Three main areas we focus on:
1) Detecting novel tandem repeats and repeat expansions
2) Studying the pathogenic roles of novel repeat expansion mutations
3) Studying functions of tandem repeats in the central nervous system (CNS)
Alzheimer’s disease (AD)
Amyotrophic lateral sclerosis (ALS)
Frontotemporal dementia (FTD)
Other neurodegenerative and neurological diseases with unknown etiologies
We believe our research will lead to identification of novel therapeutic targets, development of disease models, and treatment strategies for neurodegenerative and neurological disorders.

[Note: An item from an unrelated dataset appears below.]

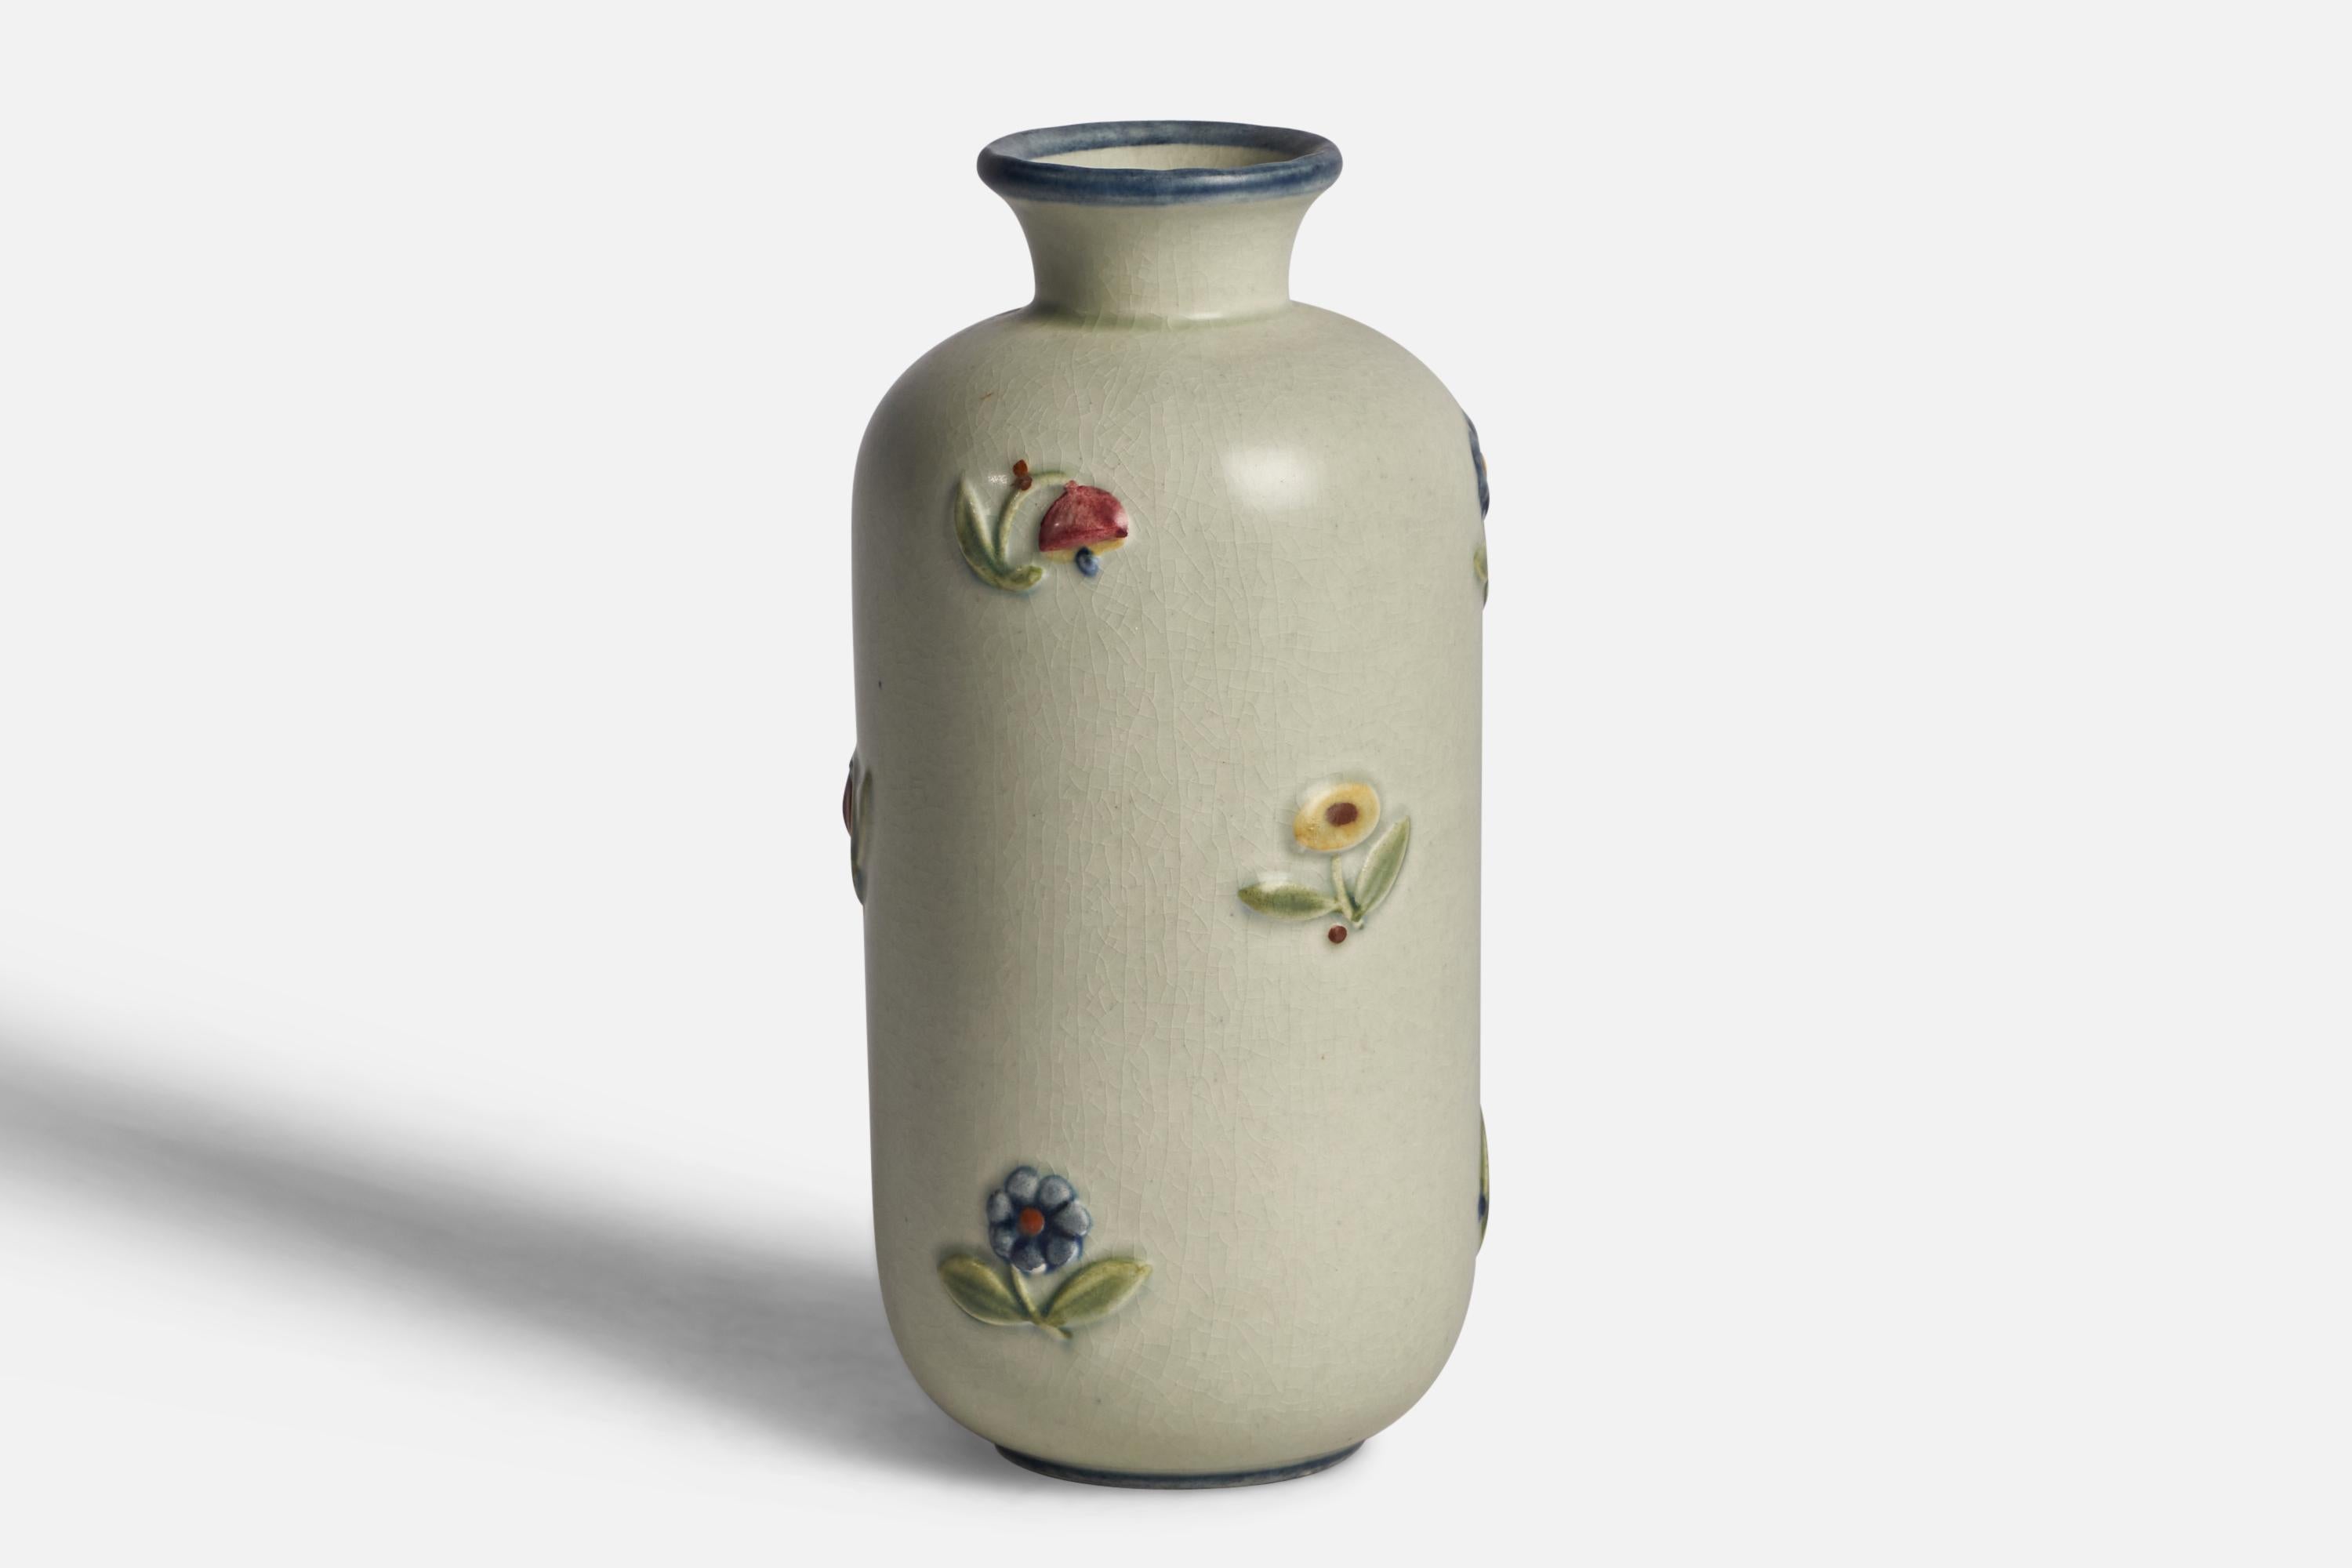 A handpainted white red and green stoneware vase designed by Getrud Lönegren, Sweden and produced by Rörstrand, 1940s.

Repeat expansion detection
We screen repeat expansion related pathology (e.g. the accumulation of RAN proteins and RNA foci) in patient tissue and samples to identify cases that could carry novel repeat expansion mutations.
We then use the information of repeat expansion pathology for enrichment and detection of repeat expansions in patient individuals at genome-wide scales.

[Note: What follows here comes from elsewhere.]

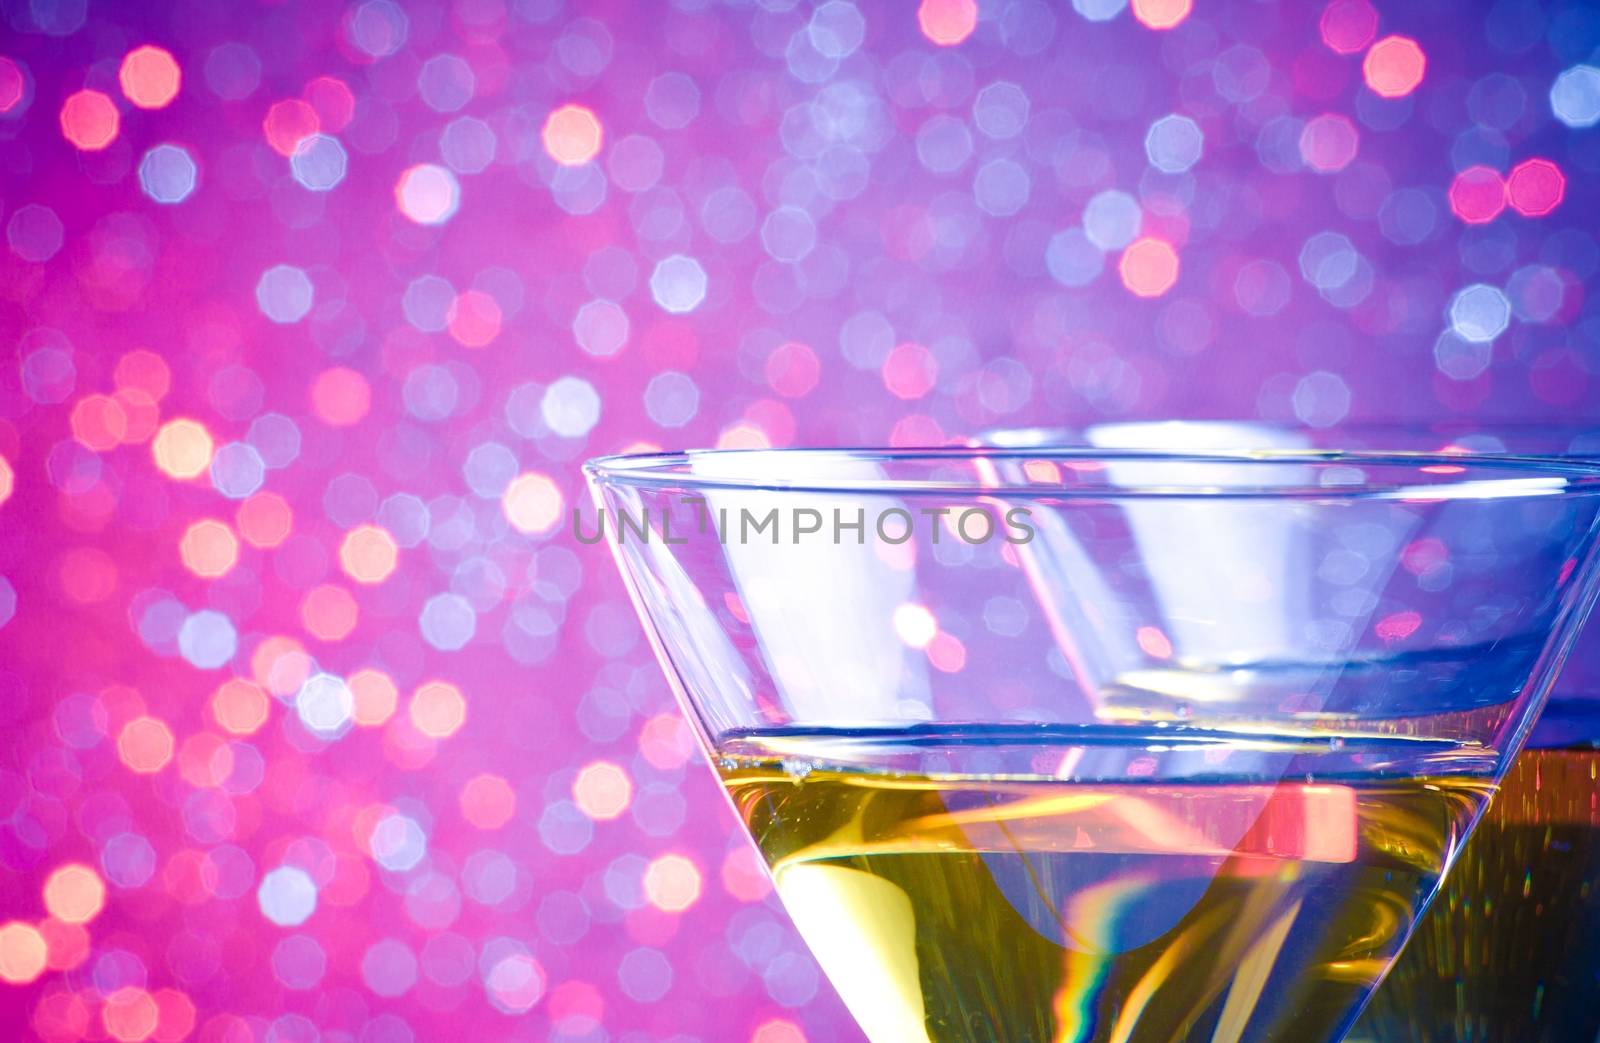 detail of two glasses of cocktail on blue and violet tint light bokeh background on bar table with space for text

Case control association studies are performed to identify novel disease-associated repeat expansion mutations.
Repeat expansion in disease
We develop animal models (AAV, BAC transgenic, and knock-in) and patient-derived models (e.g. 2D cell cultures and 3D organoids) that express novel disease-associated RE mutations. These models combined with patient samples are used to study the contribution of the novel repeat expansions in disease. Additionally, these models are important tools that allow us to test the effects of stress in triggering or exacerbating disease and that could contribute to development of personalized medicine.
Tandem repeats in the CNS
Understanding the functions of tandem repeats and repeat expansions in biology can provide important information for developing therapeutic interventions and methods to regulate cellular function. Here we test the hypothesis that tandem repeats are an important player in maintaining the CNS function by regulating expression of CNS-specific genes and involving in response to stress. We use transcriptomic data, sequencing and bioinformatic tools, gene editing and reporter assays to tackle this question.